▸ WHAT YOU WILL DO: The pictures are to be left out when the listing below is reproduced word for word.

▸ DATA EXTRACT:
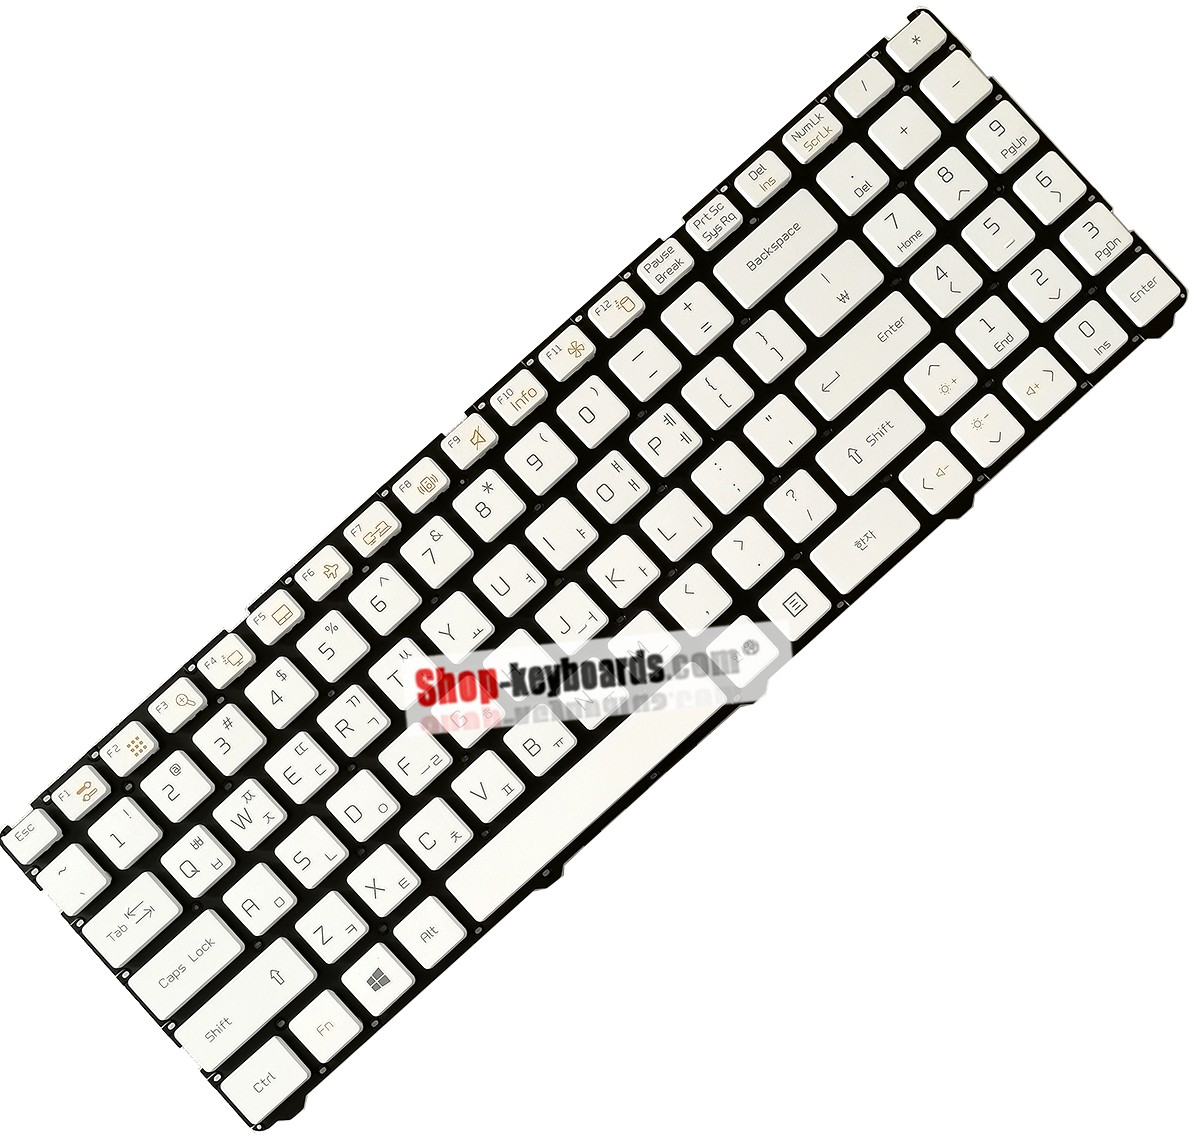 LG MP-12K73CH-9208 Keyboard replacement
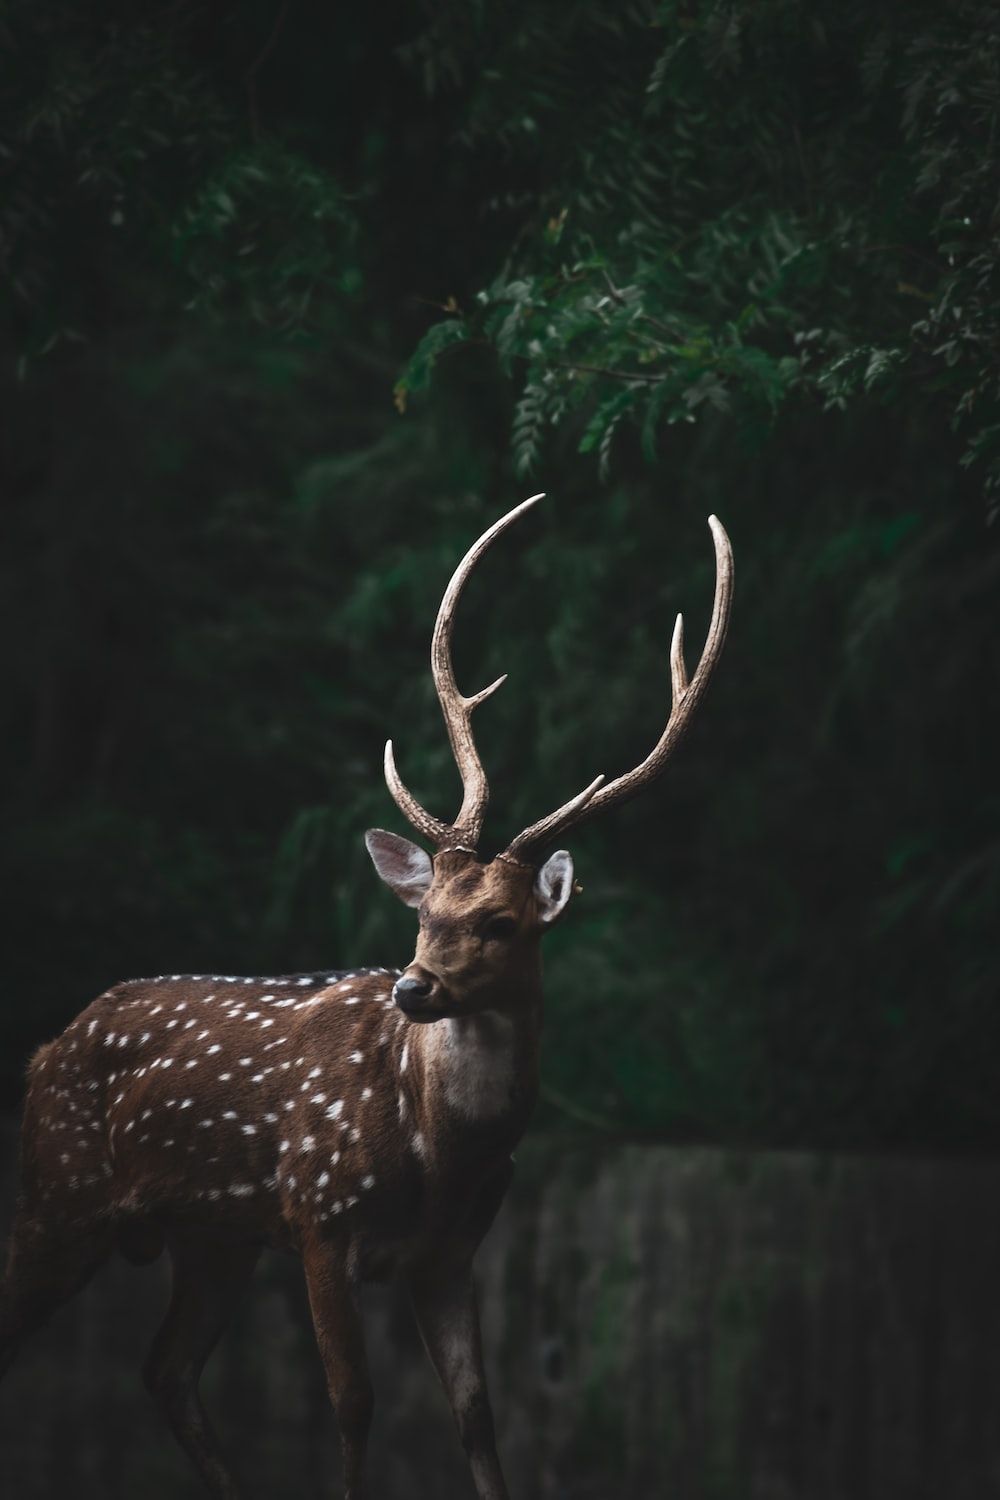 A deer with antlers standing in front of a tree. - Deer
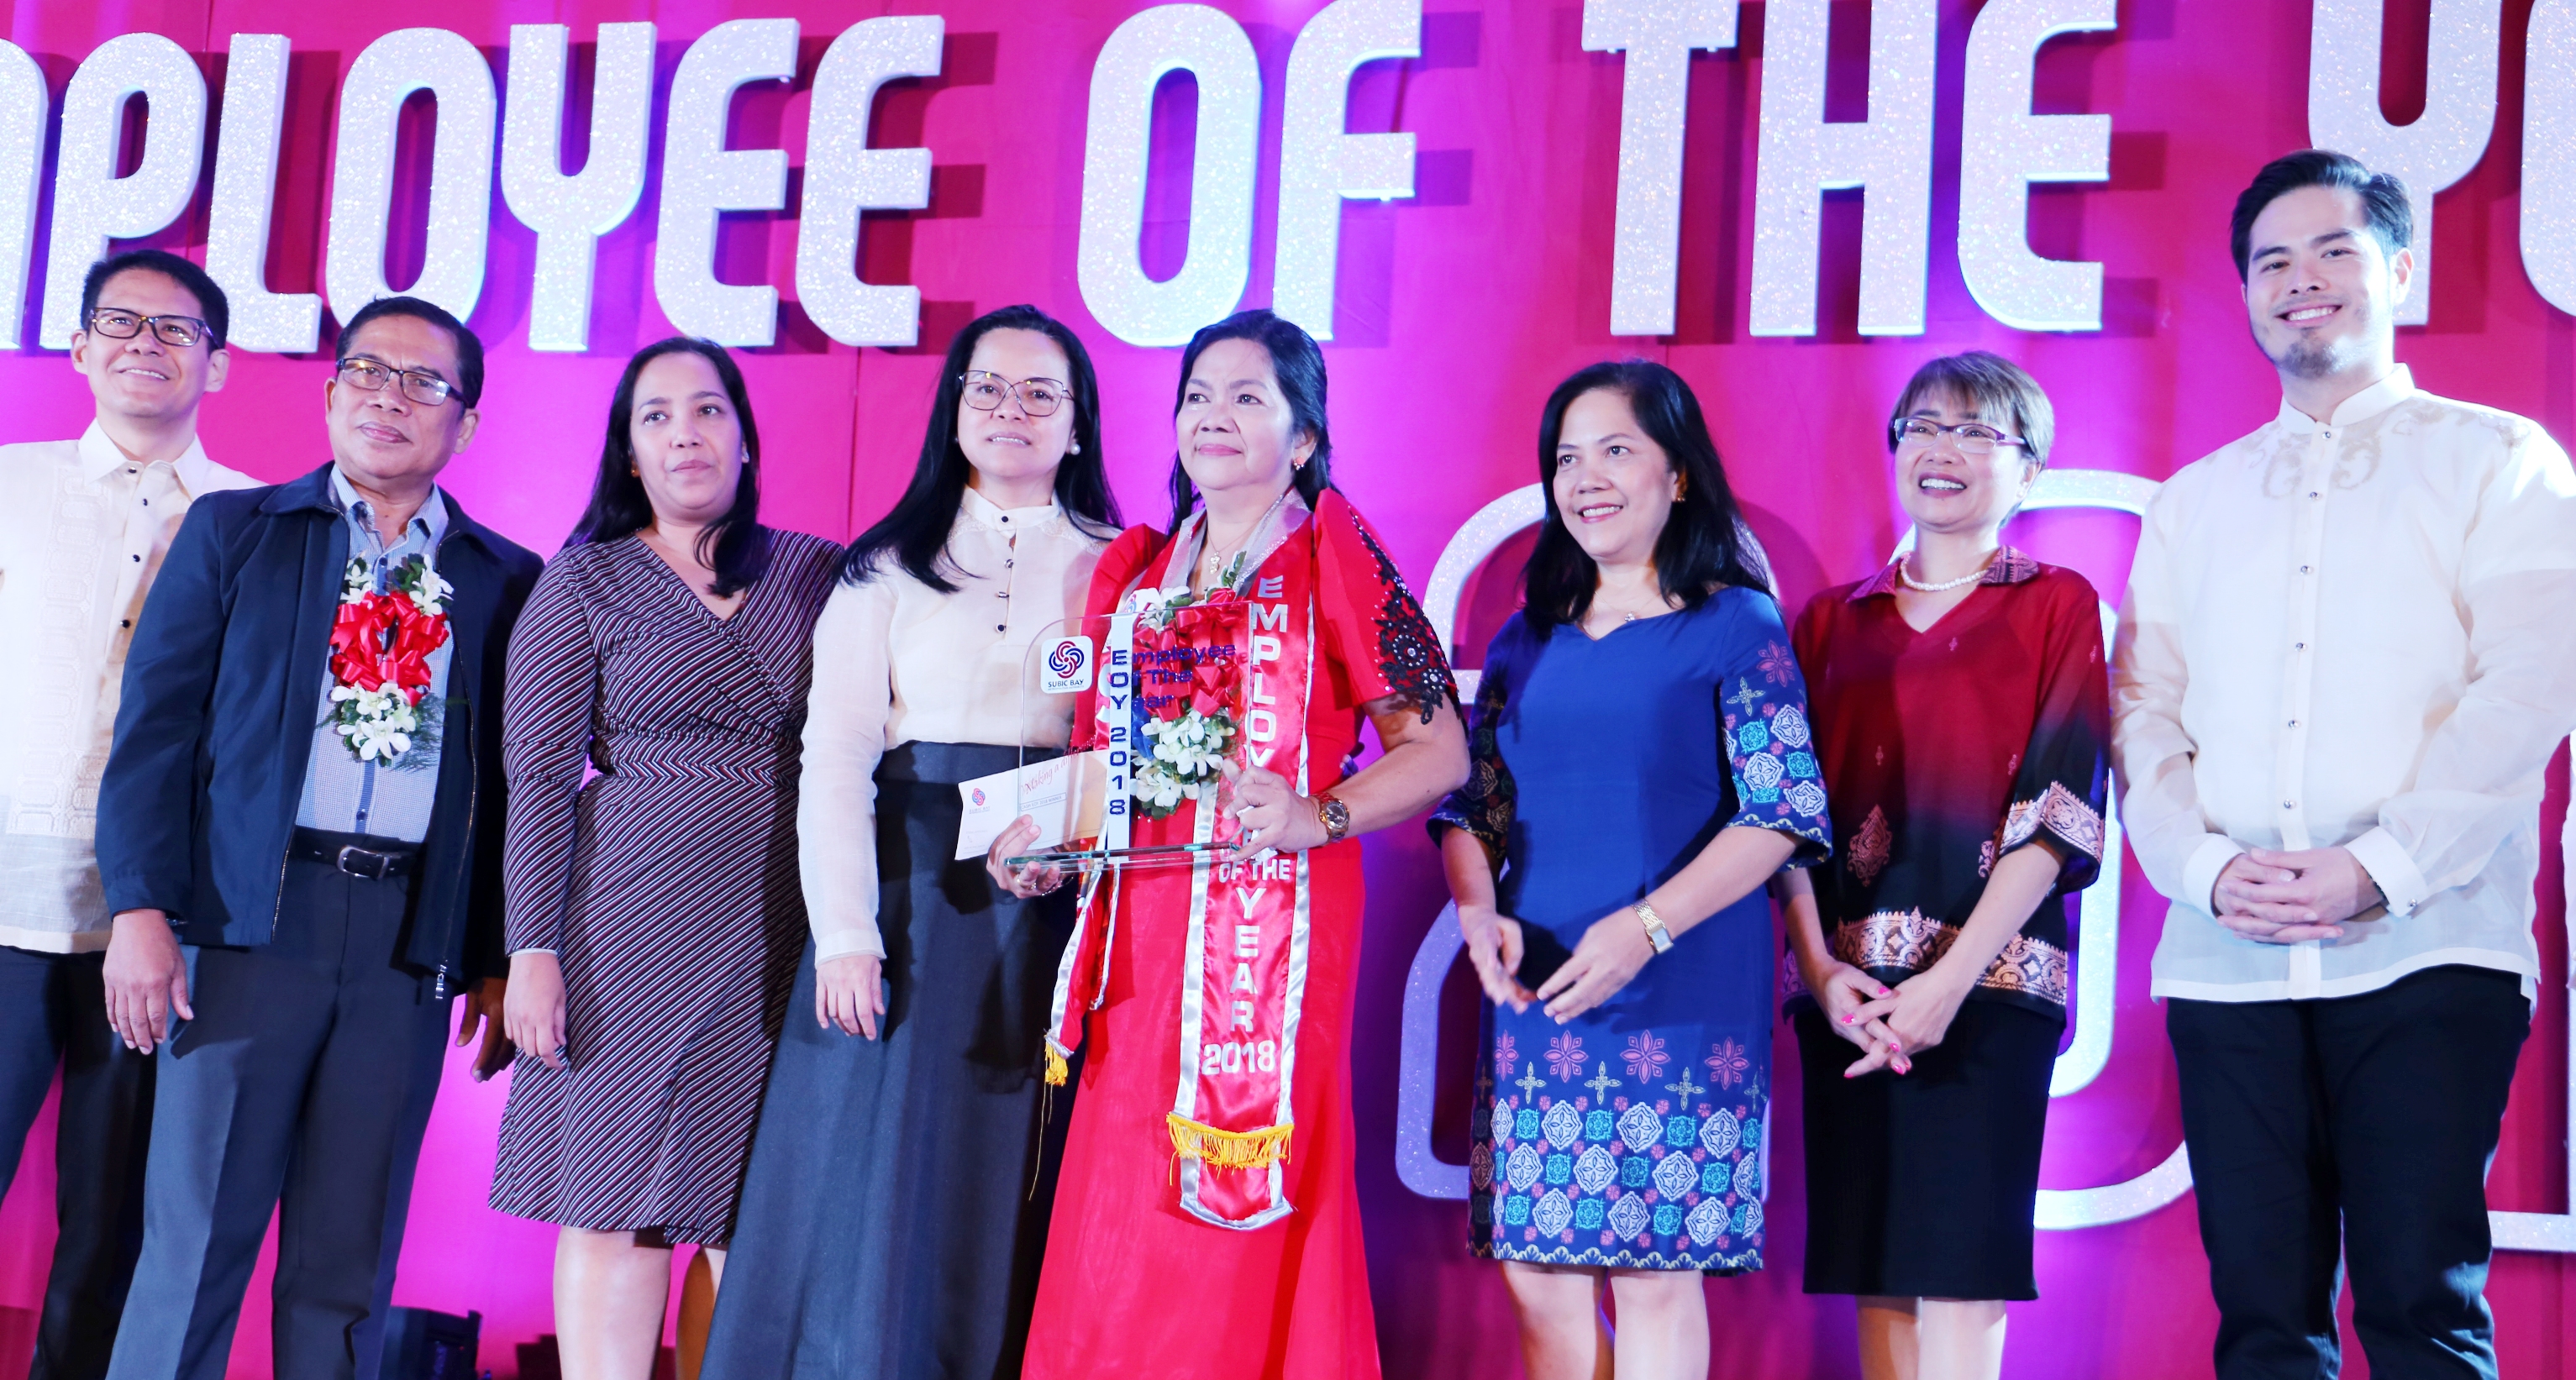 SBMA Chairman and Administrator Wilma T. Eisma (4 th  from left) congratulates SBMA 2018 Employee of the Year Nida Linda C. Rojo, along with (L-R) SBMA Senior Deputy Administrator (SDA) for Support Services Ramon Agregado, CSC-Zambales Dir. Jose Gea, SBMA tourism manager Jamelle Camba, SBMA Dir. Ma. Cecilia Bitare, SDA for Regulatory Amethya dela Llana, and SDA for Business and Investment Renato Lee.

▸ TASK RESULT:
 LG MP-12K73CH-9208 Keyboard replacement
 A deer with antlers standing in front of a tree. - Deer
 SBMA Chairman and Administrator Wilma T. Eisma (4 th  from left) congratulates SBMA 2018 Employee of the Year Nida Linda C. Rojo, along with (L-R) SBMA Senior Deputy Administrator (SDA) for Support Services Ramon Agregado, CSC-Zambales Dir. Jose Gea, SBMA tourism manager Jamelle Camba, SBMA Dir. Ma. Cecilia Bitare, SDA for Regulatory Amethya dela Llana, and SDA for Business and Investment Renato Lee.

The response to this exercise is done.